== Segment start ==
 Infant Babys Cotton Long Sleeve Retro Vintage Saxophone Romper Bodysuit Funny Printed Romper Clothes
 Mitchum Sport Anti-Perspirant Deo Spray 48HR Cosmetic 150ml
== Segment end ==
== Segment start ==
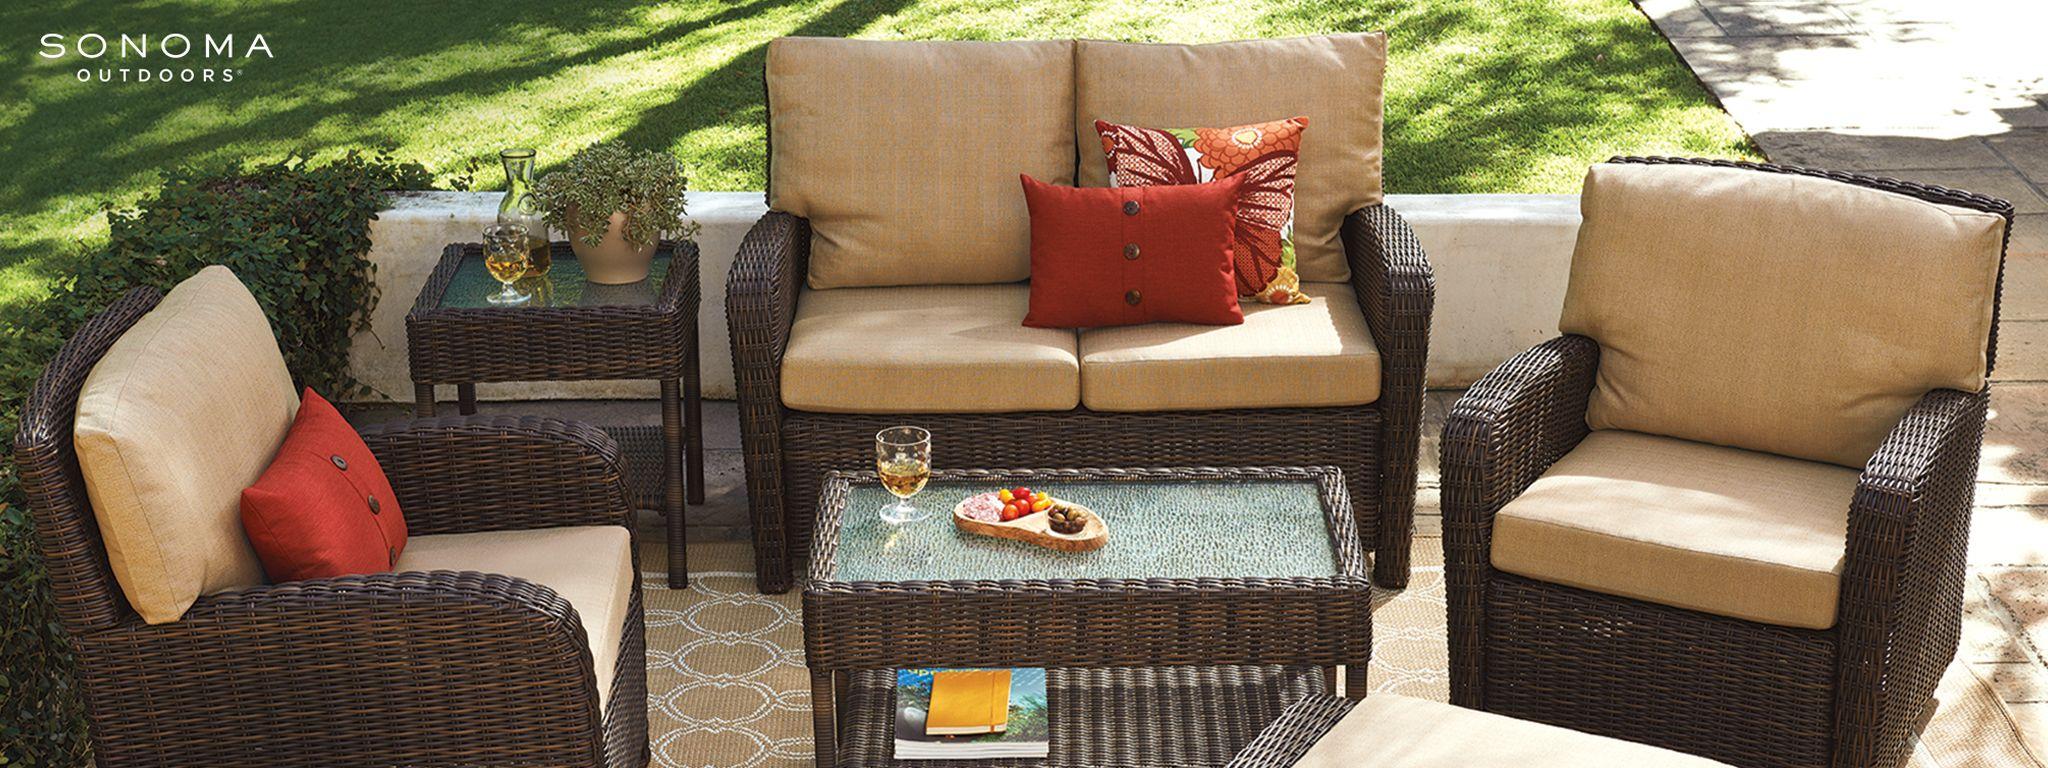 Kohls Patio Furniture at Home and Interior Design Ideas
== Segment end ==
== Segment start ==
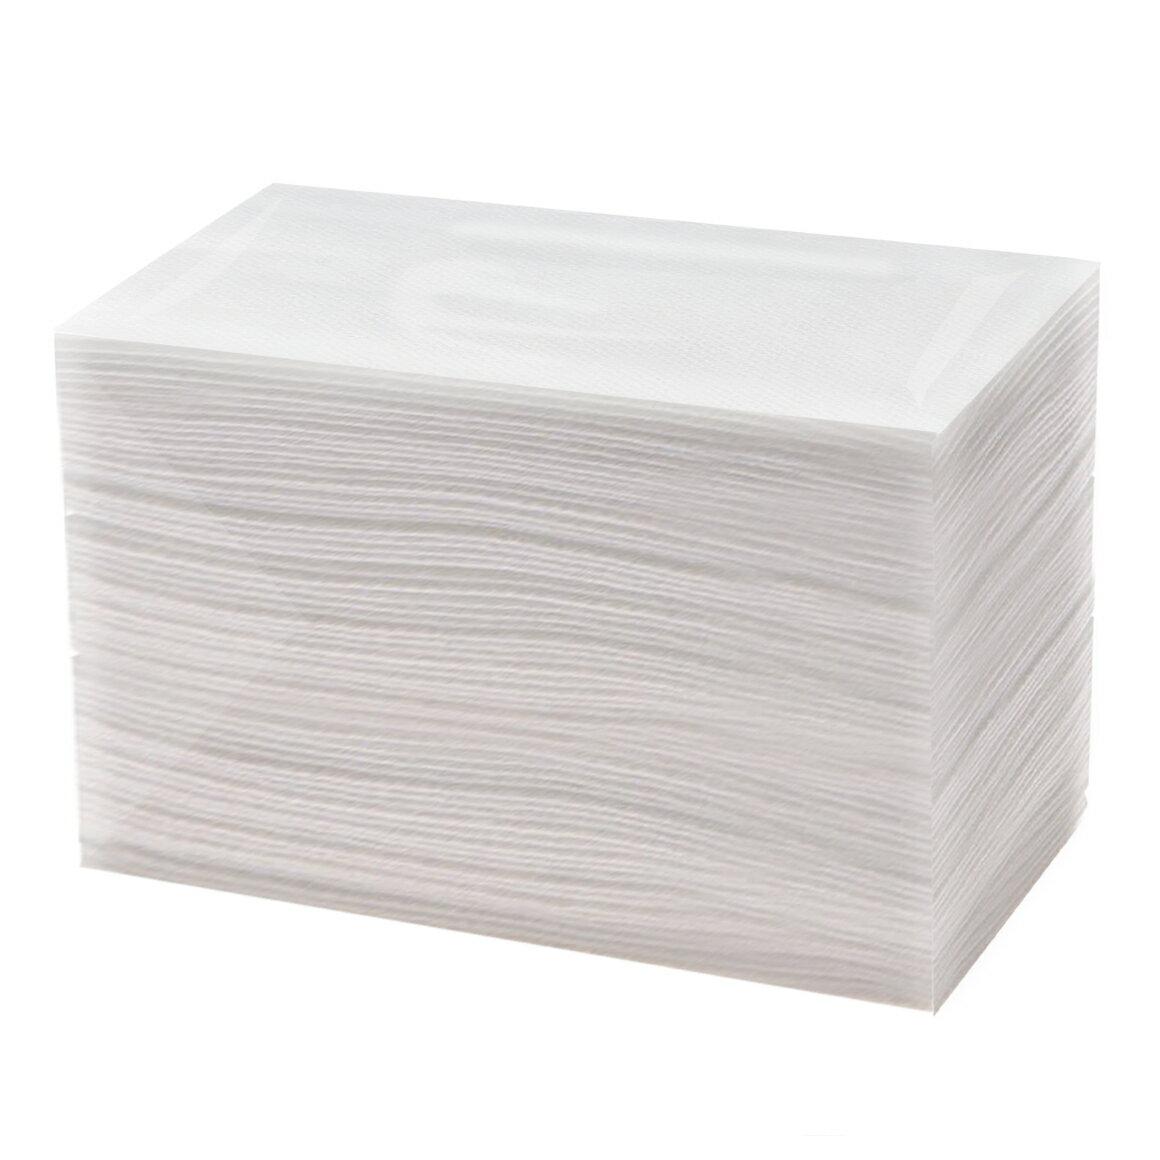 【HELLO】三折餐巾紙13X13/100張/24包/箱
== Segment end ==
■ **EXERCISE**
From the records above, repeat exactly the lines from the one with "Infant Babys Cotton" through the one with "Mitchum Sport Anti-Perspirant", both included.

■ **TASK RESPONSE**
 Infant Babys Cotton Long Sleeve Retro Vintage Saxophone Romper Bodysuit Funny Printed Romper Clothes
 Mitchum Sport Anti-Perspirant Deo Spray 48HR Cosmetic 150ml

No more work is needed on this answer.